My child is 5, shes been having repeated blood work done for about 6 months now, b/c some of her levels were turning up high or low for what the range is for her age. After her last blood work her PCP ran on her, he is referring her to a Gastro. Specialist. She will be going on Feb. 2nd. I am looking to see if, can get someone to explain or help me understand her blood work more through. Also, if anyone could tell me what may possible be going on with her. I am not looking for someone to give her a diagnosis. Just for someone to give me some more info on what possible could be going on with my princess. It is so hard for me to just sit here and wait til Feb. to find out more information. How is a mother suppose to do that? Her PCP did tell me that he is referring her to a specialist to see if he wants to do further testing and that her blood work results could be showing something wrong with her kidneys, liver or some kind of cancer. Cancer does run on her fathers side. His mother has had one kind of skin cancer & his grandmother on his fathers side passed away from some kind of skin cancer.
We do not want to ask more info from the family, until we know what is going on with our little girl. We dont want to get anyone worried or upset til we know more info.
I have done some research but still not understand a whole lot of it. I have read that to determine cancers, liver problems and kidney problems that you have to look at several numbers on blood work, not just one certain one.

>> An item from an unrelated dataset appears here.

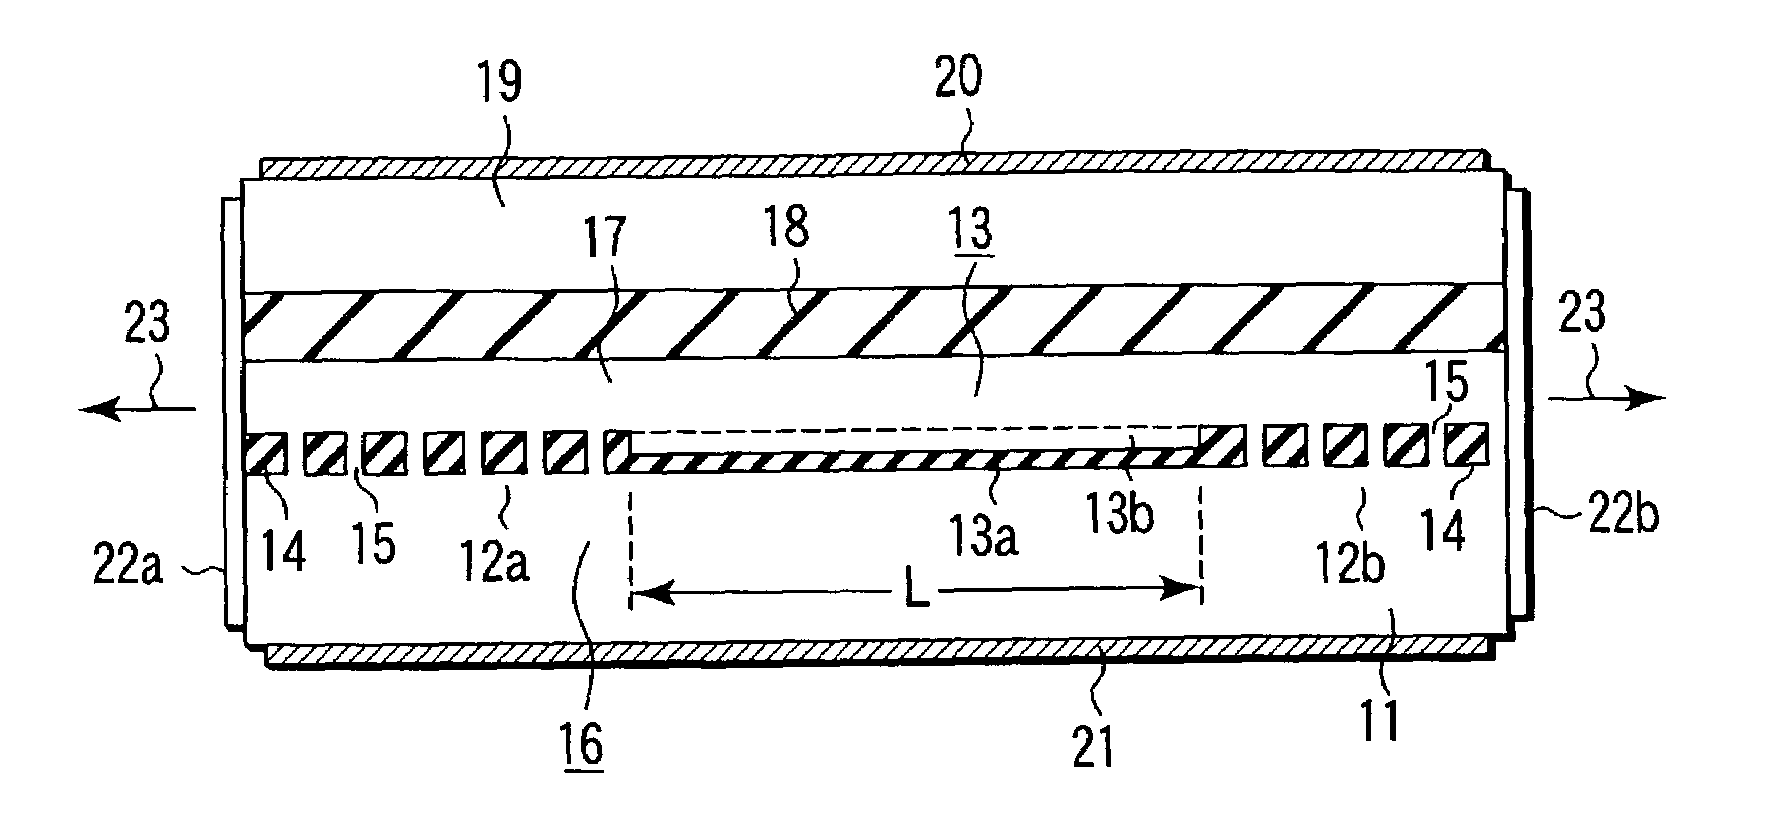 Distributed feedback semiconductor laser for outputting beam of single wavelength

Below I will list her blood work that say abnormal and see if someone can explain them to me better. Thank you inadvance to anyone that helps me understand what may be going on or what could be going on with my little princess. I will list her results for both her 2 past labs:9/14/09 12/16/09
*Fasting *Non-Fasting
Glucose: 96 (High) 105
Bun: 15 13
Creatinine: 0.40 (low) 0.49 (low)
Bun/Creat ratio: 37.5 (high) 26.5 (high)
Calcium: 10.2 (high) 10.4 (high)
Ast: 49 (high) 50 (high)
Alt: 26 (high) 24
Vitamin B12: (didnt check on 9/14/09) 944 (high)
Hgb: 11.5 (low) 11.3 (low)
Hct: 32.0 (low) 31.9 (low)
Mcv: 75.4 (low) 76.4
Neutrophil: 55 (high) 59 (high)
Sed rate: 29 (high) 32 (high)
Hgb A1c: 5.6 wasnt checked on 12/19/09Her urine was checked as well, but just on 9/14/09. They only thing that was flagged on that test was Spec. gravity which was 1.015 (considered low)
In the doctors notes: It reads On percussion, there is dullness heard in the left lower quadrant compared to the rest of her abdomen, which is tympanic. The child has halitosis also. WHAT DOES this mean?
Other smpthoms:
Frequent urination
Not feeling like she can always empty bladder & has to go to the bathroom w/in several mins (10-15mins apart)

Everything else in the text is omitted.